Performs pose optimization using Vinardo scoring with configurable parameter. Supports both rigid-body and flexible (torsional) docking. An optional electrostatic complementarity (EC) term can be enabled via the w_ec parameter to reward charge complementarity.

Required Inputs
  • receptor (file): Path to receptor PDB file.
Output Properties
  • docking_initial_pose_score: Score before optimization.
  • docking_score: Final optimized score (Vinardo + EC adjustment).
  • docking_ec: Electrostatic complementarity value (0.0 when w_ec=0).
  • docking_converged: Whether optimization converged.
Example
workflow.add(
    MoleculeSourceBlock(),
    EnumerateStereoBlock(),
    ConformerGenerationBlock(),
    MoleculeAlignBlock(query="reference.sdf"),
    MoleculeDockBlock(receptor="protein.pdb"),
    MoleculeSinkBlock()
)
Mutable Parameters
  • w_gauss1: Vinardo Gaussian attractive term weight.
  • w_repulsion: Vinardo repulsion term weight.
  • w_hydrophobic: Vinardo hydrophobic term weight.
  • w_hbond: Vinardo hydrogen bond term weight.
  • w_ec: Weight for electrostatic complementarity term (0 = disabled).
  • max_iterations: Maximum optimization iterations.
  • box_size: Translation search box size in Angstroms.
  • rigid: If True, only rigid-body optimization (no torsions).

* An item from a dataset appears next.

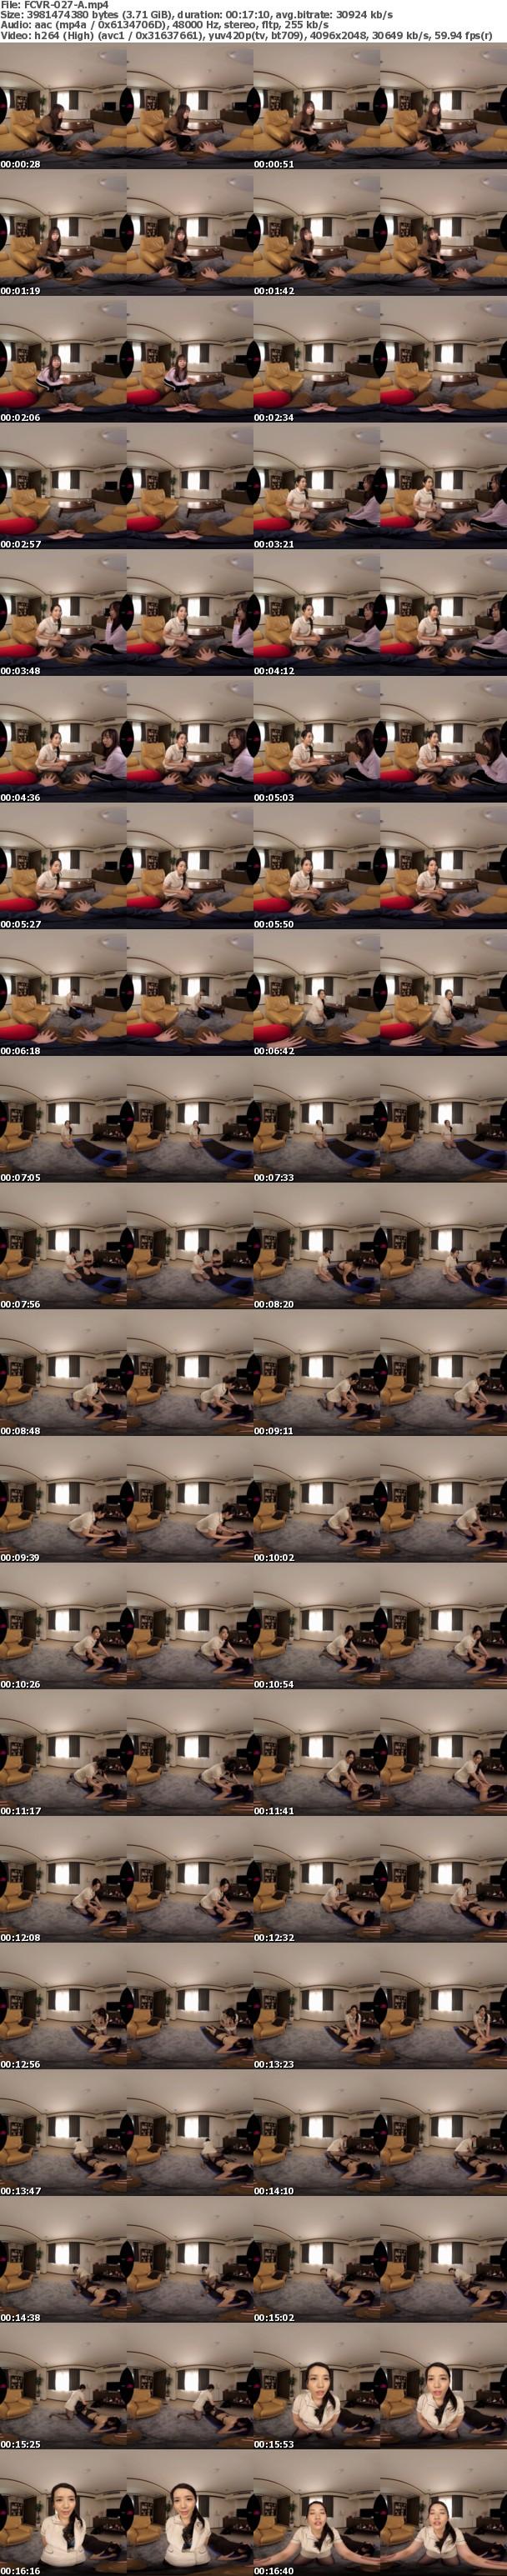 (VR) FCVR-027 【Fitch肉感VR】 碓氷れんVR解禁!女性専門の出張エステティシャンが極上の施術で僕の妻を寝かしつけた途端に 鼻腔を刺激する卑猥なメスの匂いを漂わせながら涎を垂れ流すほど濃密なSEXで寝取られちゃいました!

Initialize the molecular docking block.

Clustering

cmxflow.operators.cluster.RepresentativeClusterBlock(**kwargs: Any)

Bases: MoleculeBlock

Assign molecules to clusters using streaming leader clustering.

For each molecule, computes an ECFP4 fingerprint (or Murcko scaffold fingerprint) and compares it against all existing cluster representatives via Tanimoto similarity. If the best similarity meets the threshold, the molecule joins that cluster; otherwise a new cluster is created. All molecules pass through annotated with cluster metadata.

Output Properties
  • cluster_id: Integer index of the assigned cluster.
  • cluster_representative: SMILES of the cluster's representative molecule.
  • cluster_similarity: Tanimoto similarity to the cluster representative.
Example
workflow.add(
    MoleculeSourceBlock(),
    RepresentativeClusterBlock(),
    MoleculeSinkBlock()
)
Mutable Parameters
  • threshold: Tanimoto similarity threshold for cluster assignment (0.05–0.95).
  • scaffold: If True, cluster by Murcko scaffold fingerprint instead of full molecule.

Initialize the representative cluster block.